"God Is...": Part 1, God is Spirit

There are three "God is..." statements in the Johannine corpus, the Gospel of John and the epistles 1, 2, and 3 John.

God is spirit.

God is light.

God is love.

Spirit, light, and love. These are some pretty deep and mystical confessions. And it's not surprising these statements are found in the Johannine texts, given their distinctive spirituality. 

The claim that God is spirit, pneuma, comes from the Gospel of John, in Jesus' conversation with the Samaritan woman. The woman asks Jesus, "Our ancestors worshiped on this mountain, but you Jews claim that the place where we must worship is in Jerusalem.” In response, Jesus says that a time is coming where "you will worship the Father neither on this mountain nor in Jerusalem" because "God is spirit." Consequently, the true worshippers of God will worship God "in spirit and truth." 
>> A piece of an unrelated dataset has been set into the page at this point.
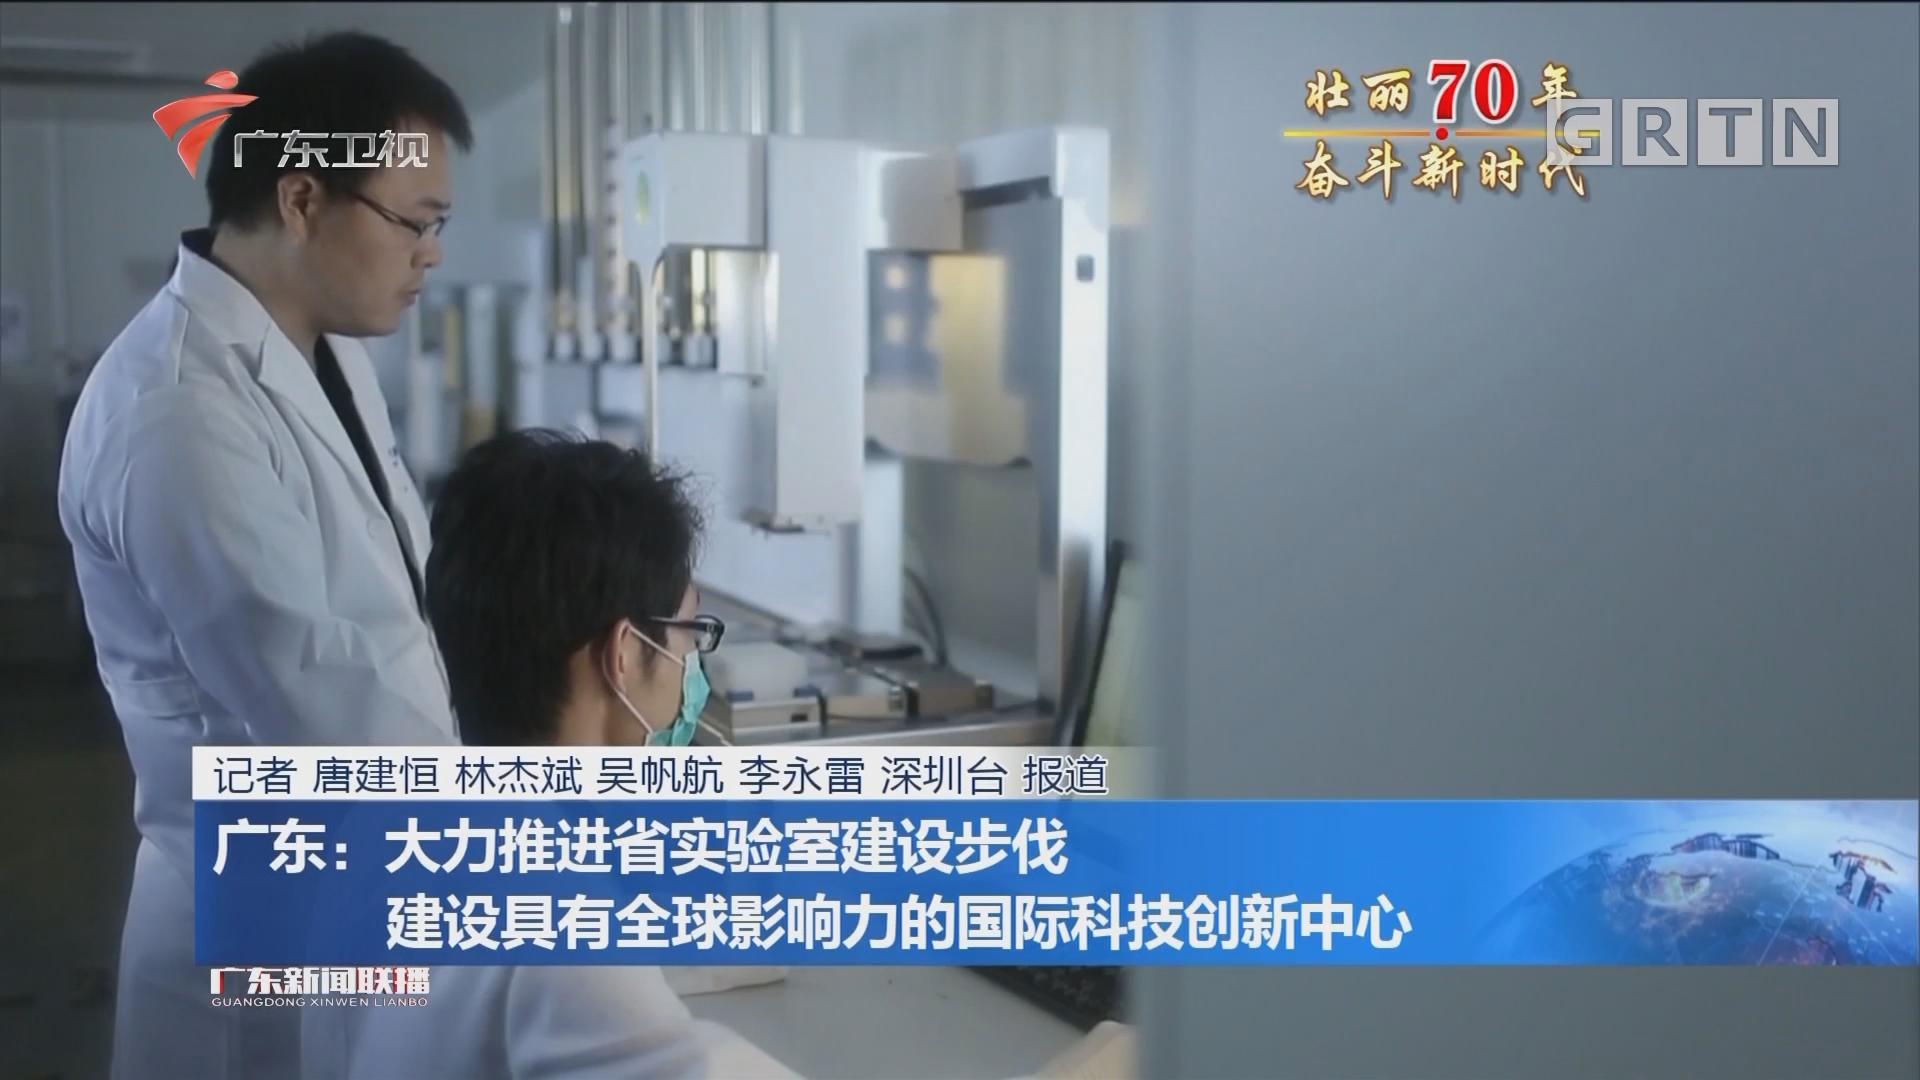 广东:大力推进省实验室建设步伐 建设具有全球影响力的国际科技创新中心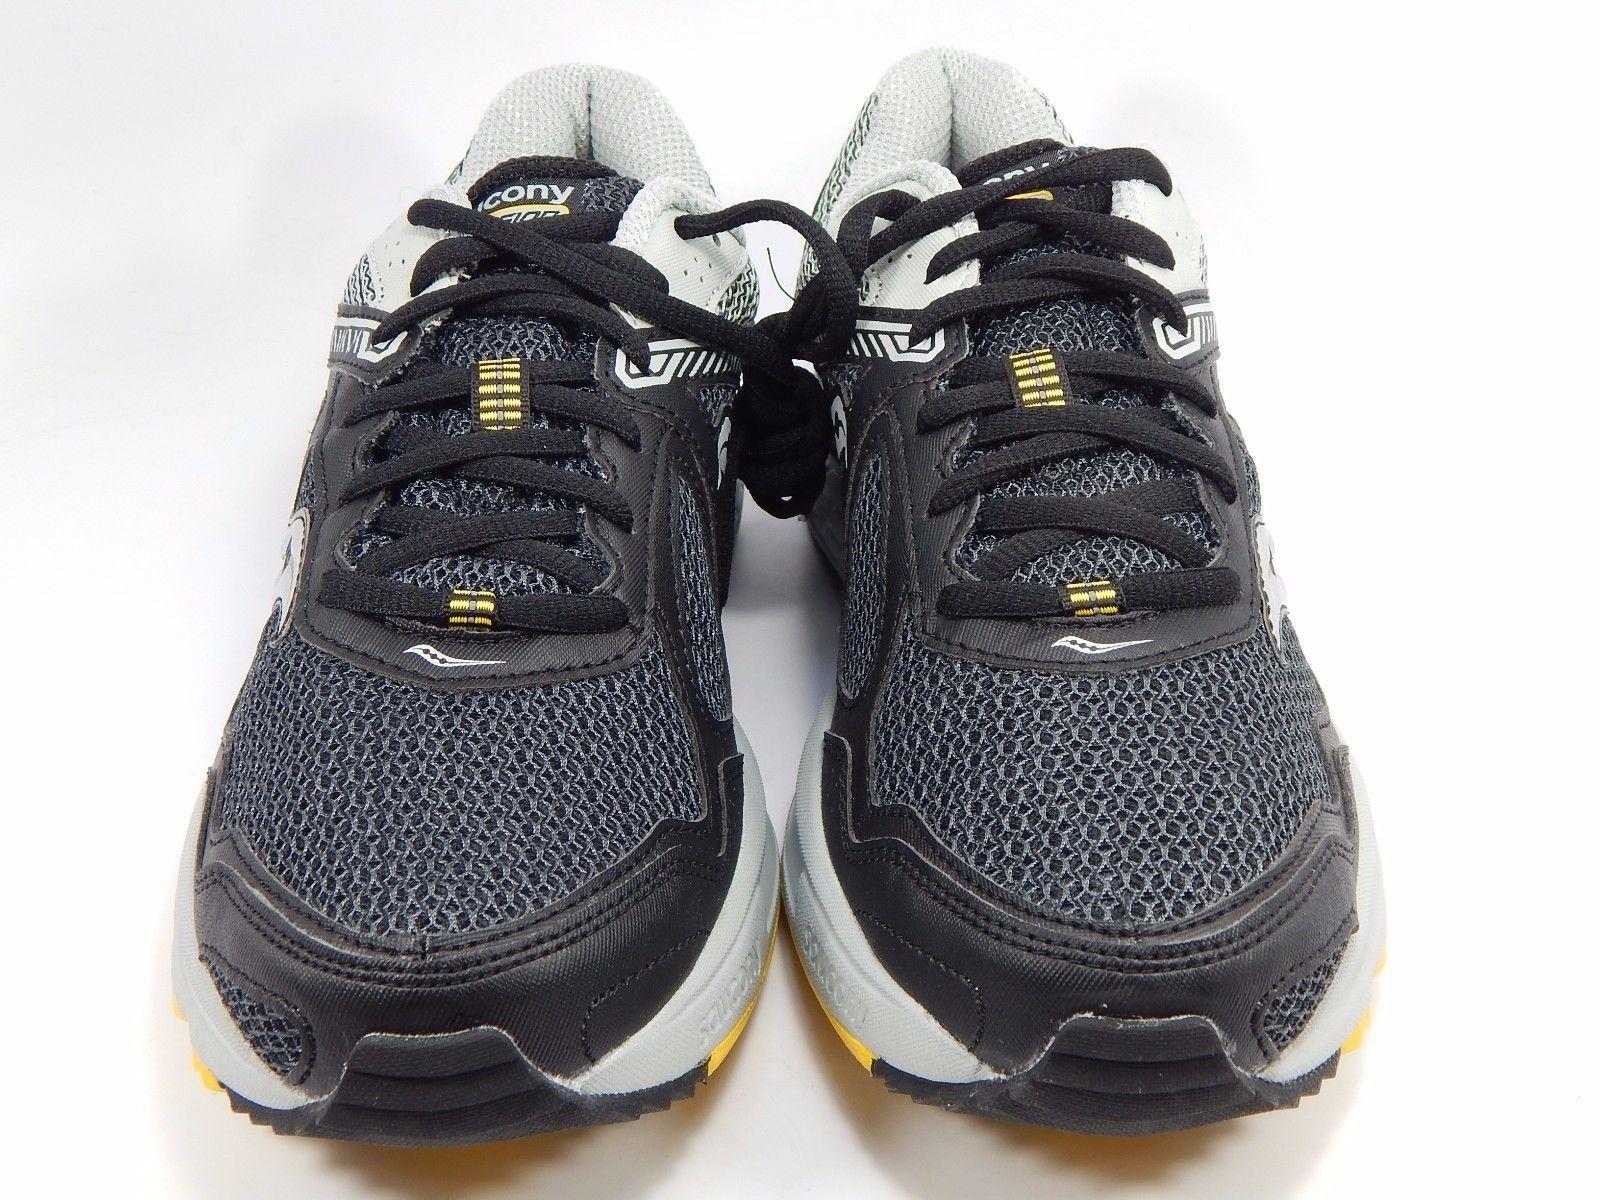 Saucony Grid Cohesion TR10 Men's Trail Running Shoes Sz 9 M (D) EU 42.5 S25339-1

The mystical notion here is that God can't be physically located, neither found here or there, on this mountain or that mountain. This seems rudimentary to us, but it would have been quite the revelation for peoples whose worship of the gods was tied to physical locations. A transcending of paganism is taking place here. We take it as a truism that God is omnipresent, at large in the world. But this would have been a big paradigm shift for peoples whose cultic practices associated the worship of God or the gods with temples and shrines.

Even more, there is a wildness, unpredictability, and uncontrollability about this new reality. Just a chapter earlier in John, in describing those who have been "born of the spirit," Jesus says, "The wind blows wherever it pleases. You hear its sound, but you cannot tell where it comes from or where it is going. So it is with everyone born of the spirit." This mystical birth--being "born again" in the spirit--extracts the spiritual life from institutional and cultic control. Nicodemus, who represents the ruling Jewish elites, has difficulty imagining how the spirit moves--like the invisible force of the wind--beyond the known and established boundaries demarcating the activity of God.

To be sure, all this is catnip for our "spiritual but not religious" world. And yet, as Bible scholars all know, and will tell you, the Johannine texts are among the most mystical and spiritual texts in the New Testament, even proto-Gnostic. I think this mystical aspect remains important to remember as the institutional forces that seek to tame, corral, control, delimit, capture, and localize God remain at work in the world. One is put in mind of Dostoevsky's Grand Inquisitor. Yes, there are temptations to a "spiritual but not religious" posture. But religion itself has its own temptations, abuses, and lusts for control.